Skill Being Reviewed
Skill name: forensics-checklist
Skill path: skills/incident-response/forensics-checklist/
False Positive Analysis
Benign scenario that can be incorrectly flagged:
# Cloud-native/serverless incident: no host disk exists to image.
resource "aws_lambda_function" "worker" {
function_name = "payments-worker"
filename = "build/payments-worker.zip"
role = aws_iam_role.worker.arn
handler = "index.handler"
runtime = "nodejs22.x"
}
resource "aws_cloudtrail" "org" {
name = "org-trail"
s3_bucket_name = aws_s3_bucket.log_archive.id
enable_log_file_validation = true
include_global_service_events = true
}
Why this is a false positive:
The skill strongly frames full disk imaging as the expected non-volatile collection path and the output schema has a simple Disk Yes/No field. That can produce a misleading gap for Lambda, SaaS, managed database, container, or other cloud-native incidents where there is no durable host disk to acquire. AWS's incident response guidance explicitly treats service-domain evidence such as CloudTrail logs as forensic evidence alongside infrastructure evidence, and CloudTrail log file validation is meant to support integrity checks during investigations. A better result would allow N/A - service-domain evidence preserved with compensating controls such as CloudTrail digest validation, immutable S3 retention, deployed artifact hash, IAM/config snapshots, and provider audit logs.
Coverage Gaps
Missed variant 1: cloud evidence immutability and provenance controls
cloud_evidence_controls:
log_archive_bucket:
object_lock: enabled
retention_mode: compliance
cloudtrail:
log_file_validation: enabled
data_events:
- s3:ObjectLevel
- lambda:Invoke
access:
cross_account_log_archive: true
break_glass_role: documented
Why it should be caught:
The skill covers AWS/Azure/GCP snapshot and log export commands, but it does not give a pass/fail gate for immutability, retention, and provenance of cloud evidence. For AWS specifically, the checklist should ask whether CloudTrail log file validation is enabled, whether digest files are retained, whether logs are in a separate archive account/bucket, whether S3 Object Lock or equivalent WORM retention is configured, and whether CloudTrail data events were enabled before the incident. Without these controls, the report may say logs were collected while leaving evidence tampering and completeness unresolved.
Missed variant 2: mobile/BYOD evidence collection scope
Incident scope:
- iOS/Android device used for MFA approval during account takeover
- MDM available, device is currently locked and network-connected
- Potential evidence: device identifiers, MDM compliance state, push approval logs, app logs, cloud backup metadata
Why it should be caught:
The skill references NIST SP 800-86 and RFC 3227, but mobile devices are a separate forensic specialty. NIST SP 800-101 Rev. 1 covers mobile device forensics, including preservation, acquisition, examination, analysis, and reporting. The current checklist can push responders toward desktop-style memory/disk acquisition and miss mobile-specific decisions: isolate from network versus preserve remote wipe evidence, document lock state, avoid powering on/off without guidance, capture MDM state, preserve cloud backups, and record consent/legal authority for personal devices.
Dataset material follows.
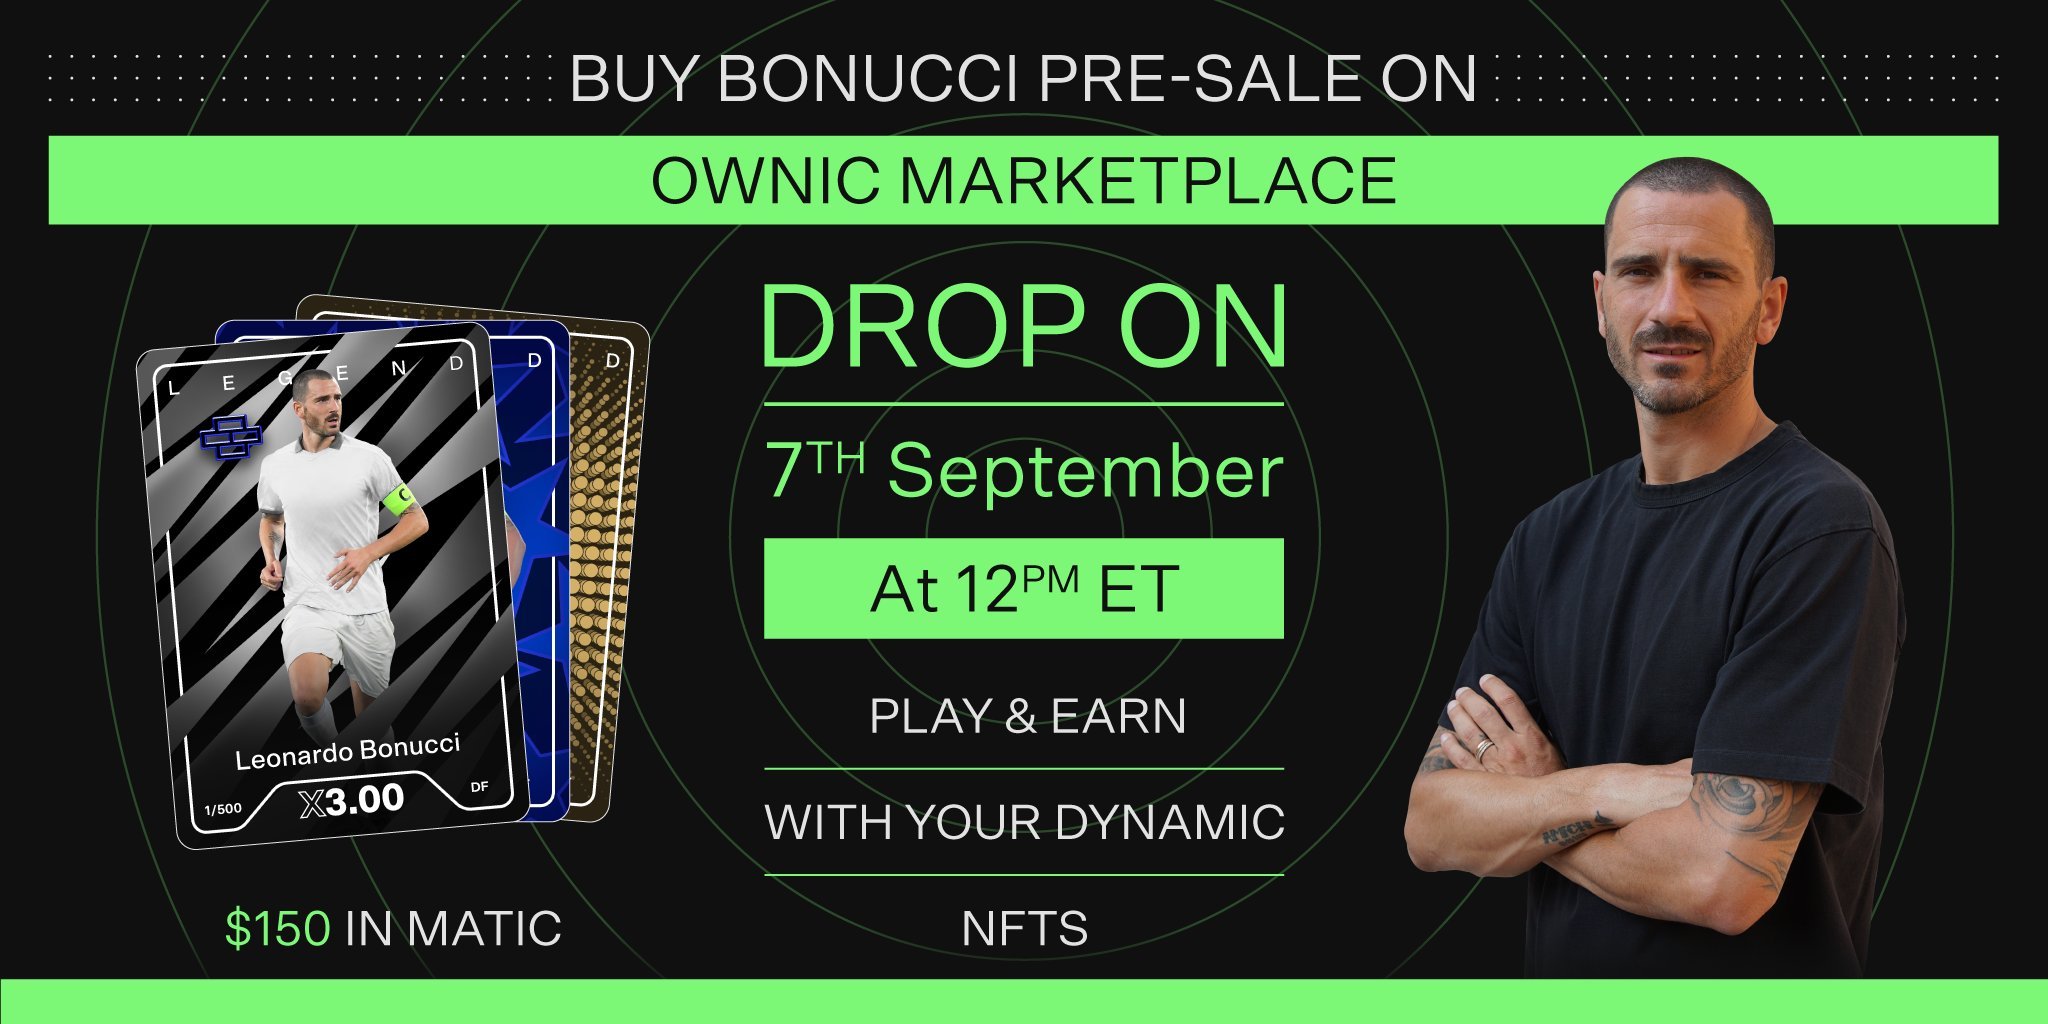 Upcoming NFT Mint of Ownic with image of Leonardo Bonucci.
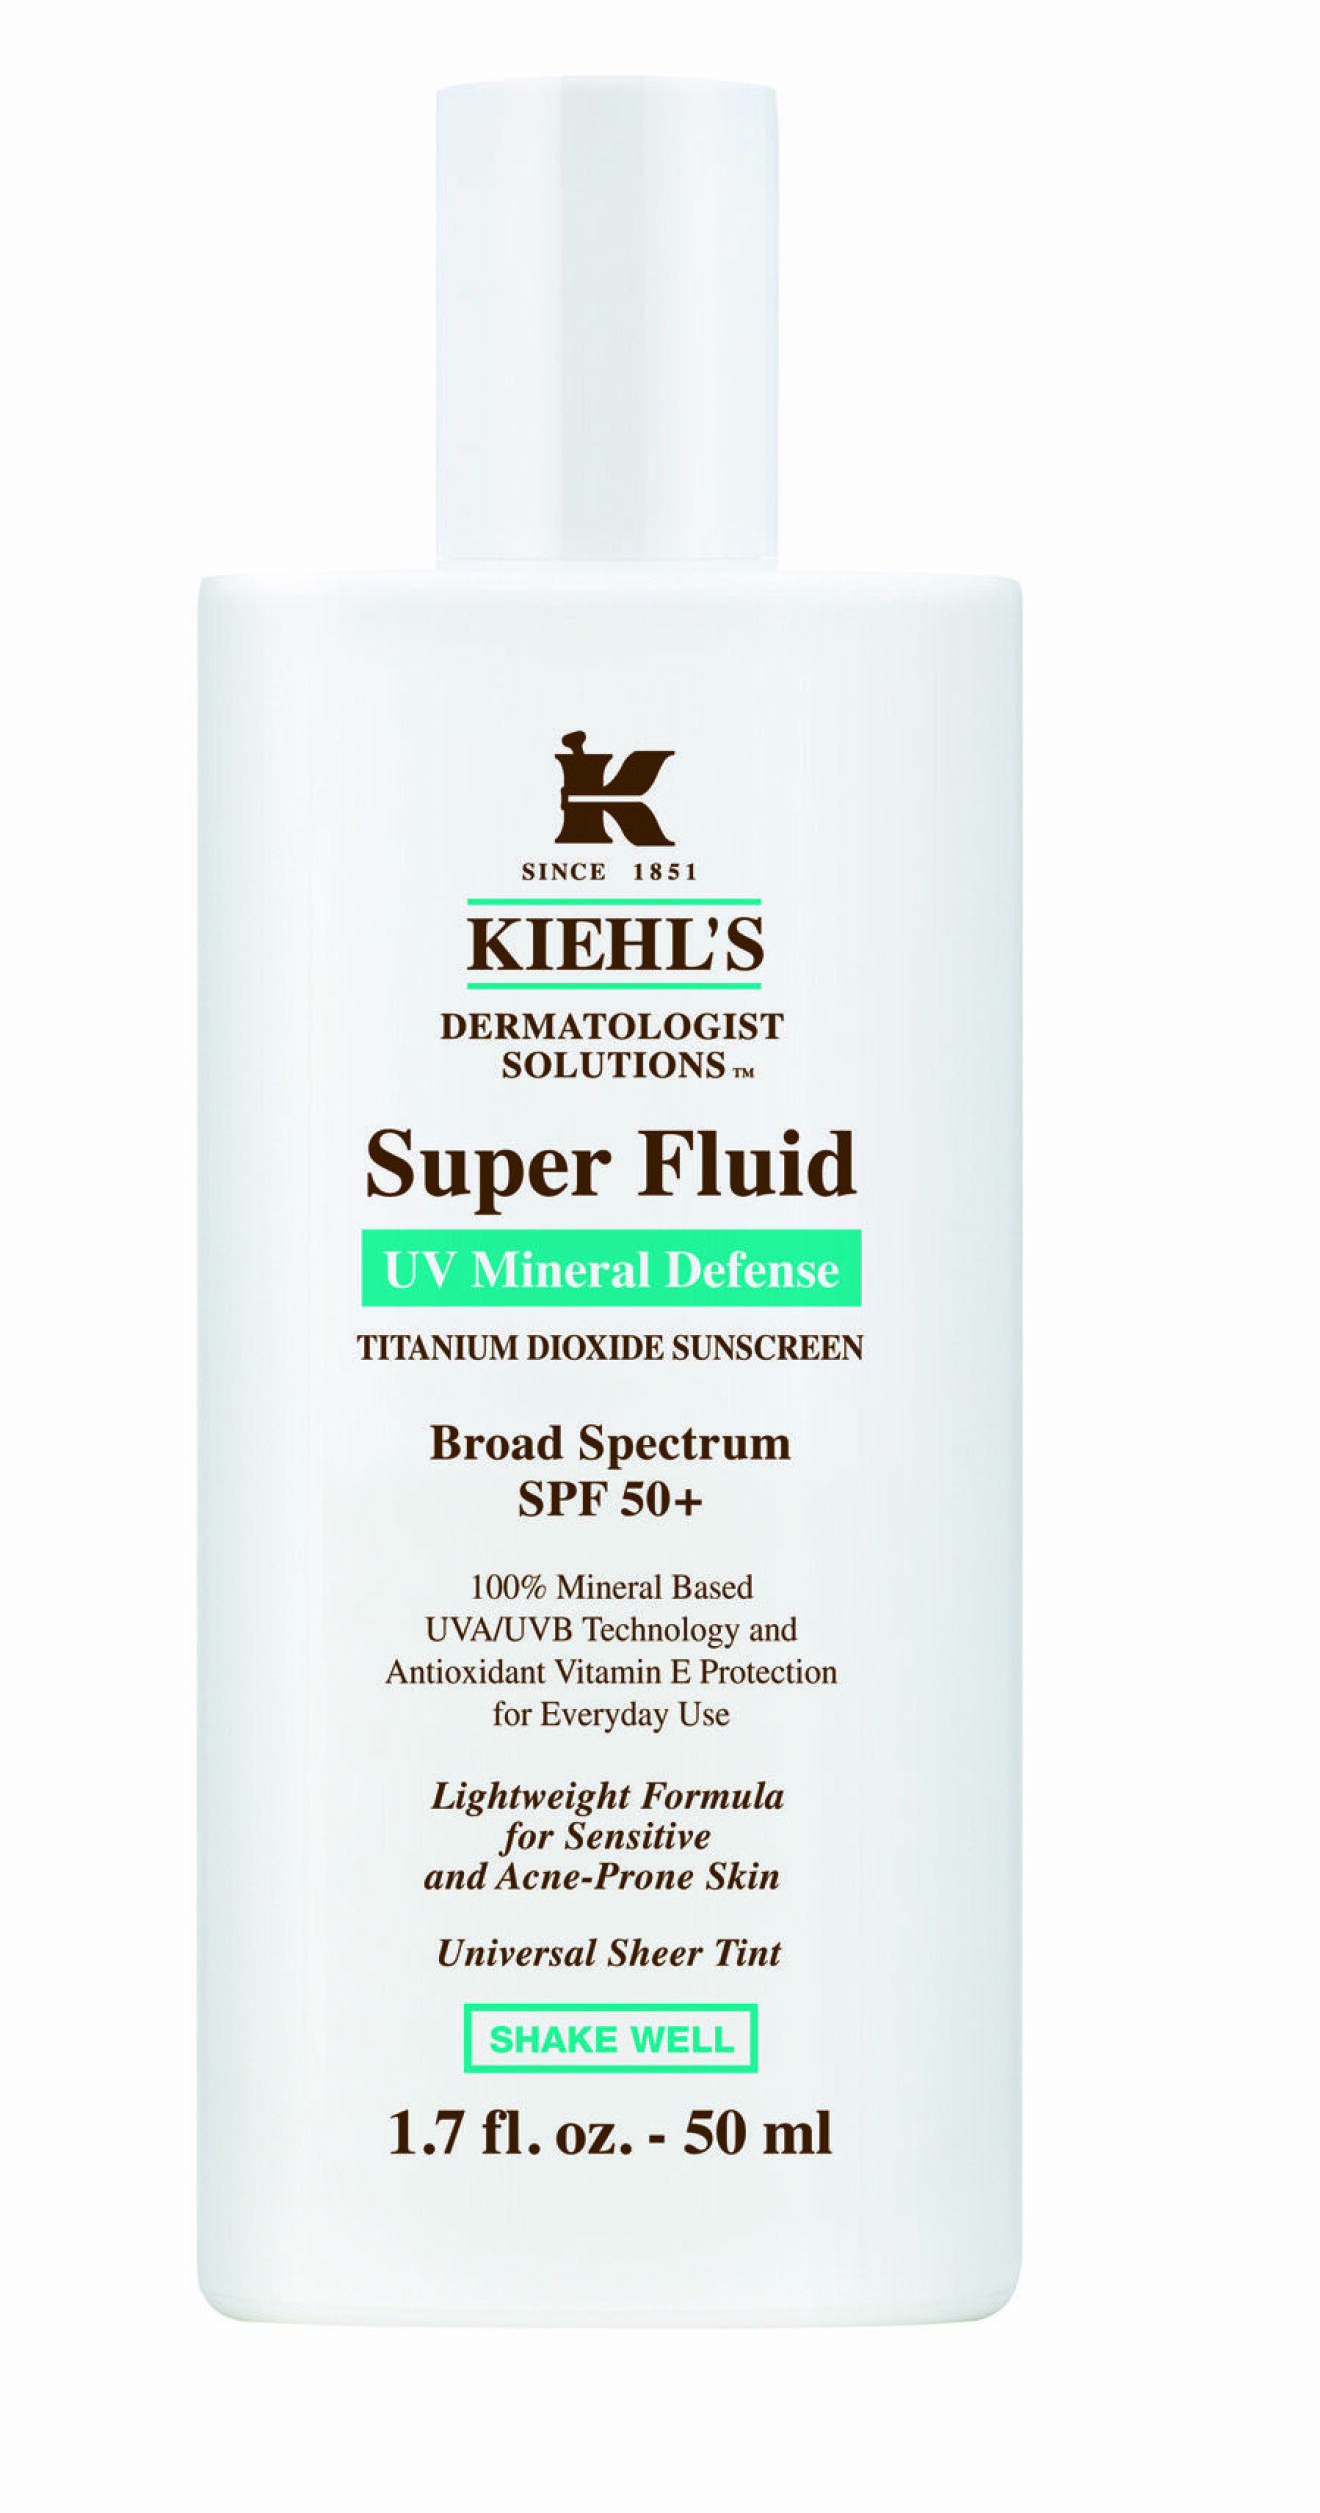 Kiehls super fluid

Missed variant 3: raw event-log preservation versus rendered text exports
# Risky as primary evidence: renders event records to text and may lose metadata.
wevtutil qe Security /q:"*[System[EventID=4624]]" /c:50 /f:text
# Better preservation path for Windows event logs.
wevtutil epl Security E:\evidence\Security.evtx
Get-FileHash E:\evidence\Security.evtx -Algorithm SHA256
Why it should be caught:
The skill lists wevtutil qe ... /f:text as a recent logon example. That is useful for triage, but not ideal as the primary preserved artifact because it loses the original EVTX container, channel metadata, and future parser compatibility. The checklist should distinguish triage commands from evidence-preservation commands and prefer raw exports plus hashes.
Edge Cases
- Containment before collection: The skill says capture volatile data before containment, but some incidents require immediate network isolation to stop active exfiltration or ransomware spread. It should add a decision point: isolate in a way that preserves volatile evidence when possible, record the exact containment action, and note which network-state evidence may have been altered.
- Encrypted systems: The skill asks for encryption status, but should add explicit guidance for BitLocker/FileVault/LUKS and mobile lock state. If a system is powered on and unlocked, memory, recovery keys, TPM state, and mounted-volume context may be higher priority than disk imaging. If powered off, powering it on can destroy or alter evidence.
- Ephemeral infrastructure: Auto-scaled instances, Kubernetes pods, and short-lived CI runners may disappear before manual acquisition. The skill should instruct responders to preserve orchestration metadata, pod specs, container image digests, node snapshots if possible, registry pull logs, CI logs, and cloud audit events.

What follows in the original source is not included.